The FDA conducted an inspection of Kuiper Dairy, LLC from October 30 to November 2, 2012, identifying significant violations of the Federal Food, Drug, and Cosmetic Act. The primary finding was the sale of an adulterated dairy cow for slaughter, with tissue samples revealing penicillin residues at 1.16 ppm, significantly exceeding the 0.05 ppm tolerance (21 C.F.R. 556.510), thus violating FD&C Act section 402(a)(2)(C)(ii). Further, the dairy held animals under inadequate conditions, increasing the likelihood of medicated animals with harmful drug residues entering the food supply, which constitutes adulteration under FD&C Act section 402(a)(4).
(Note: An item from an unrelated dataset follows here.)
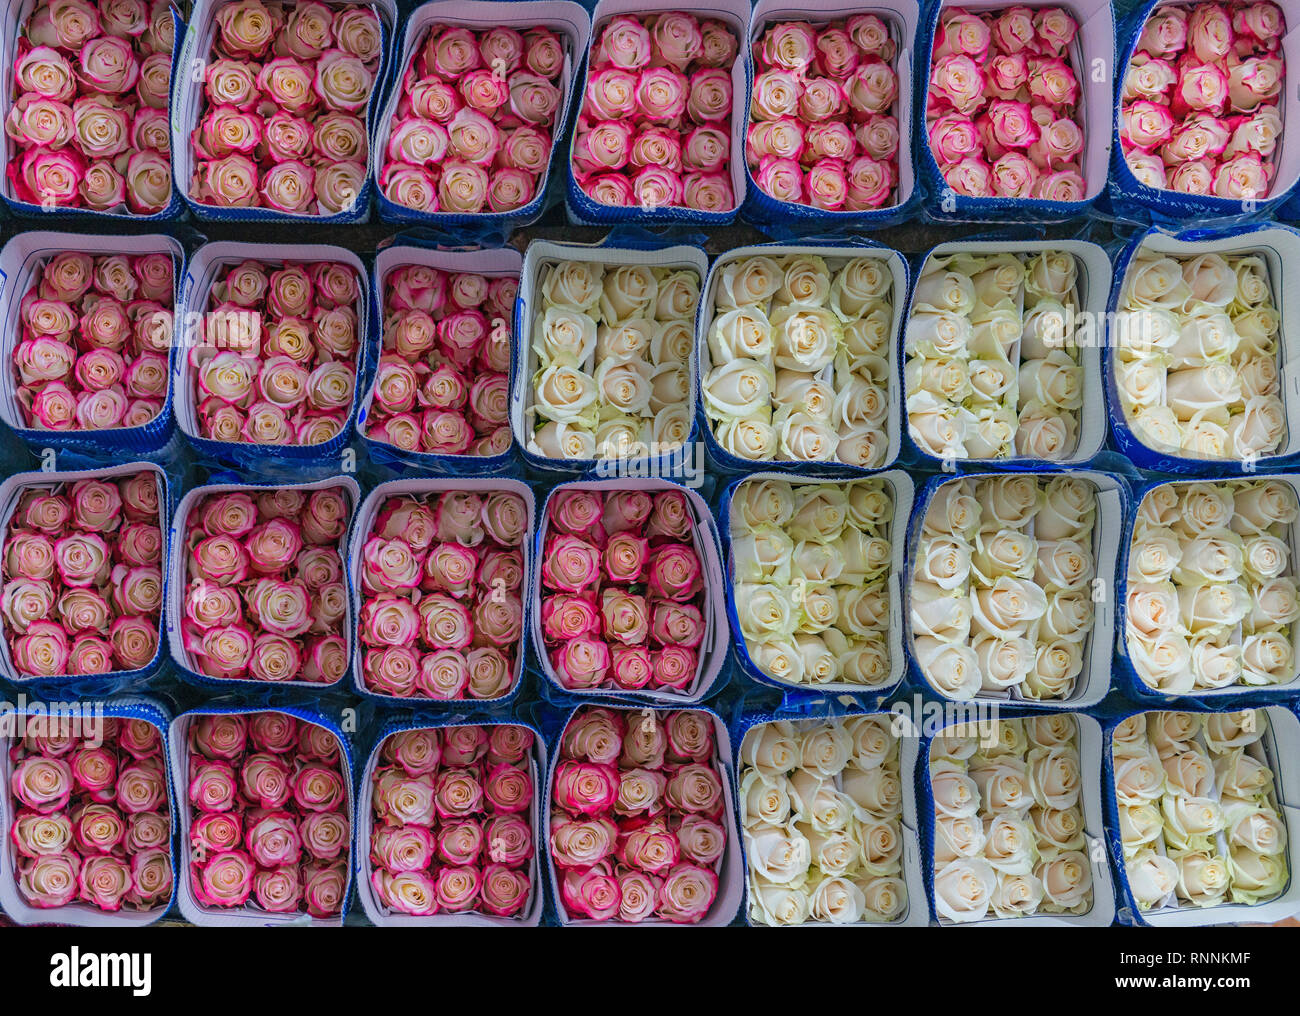 Des douzaines de roses roses et blanches prêtes à exporter à l'économie mondiale à Cayambe, au nord de Quito, Equateur. Banque D'Images

The firm also adulterated the new animal drug (b)(4) (penicillin G procaine) by not using it according to its approved labeling. Specifically, extralabel use of this drug occurred without the supervision of a licensed veterinarian, violating 21 C.F.R. 530.11(a), and resulted in illegal drug residues, violating 21 C.F.R. 530.11(d). These actions rendered the drug unsafe and adulterated under FD&C Act sections 512(a) and 501(a)(5). FDA acknowledged the firm's November 7, 2012, response but deemed it lacking sufficient detail for evaluation, stating corrections would be verified during a subsequent inspection. Kuiper Dairy is required to take prompt corrective actions, establish preventative procedures, and provide a detailed written response within fifteen working days, outlining steps taken or planned, with supporting documentation, to avoid potential regulatory actions like seizure or injunction.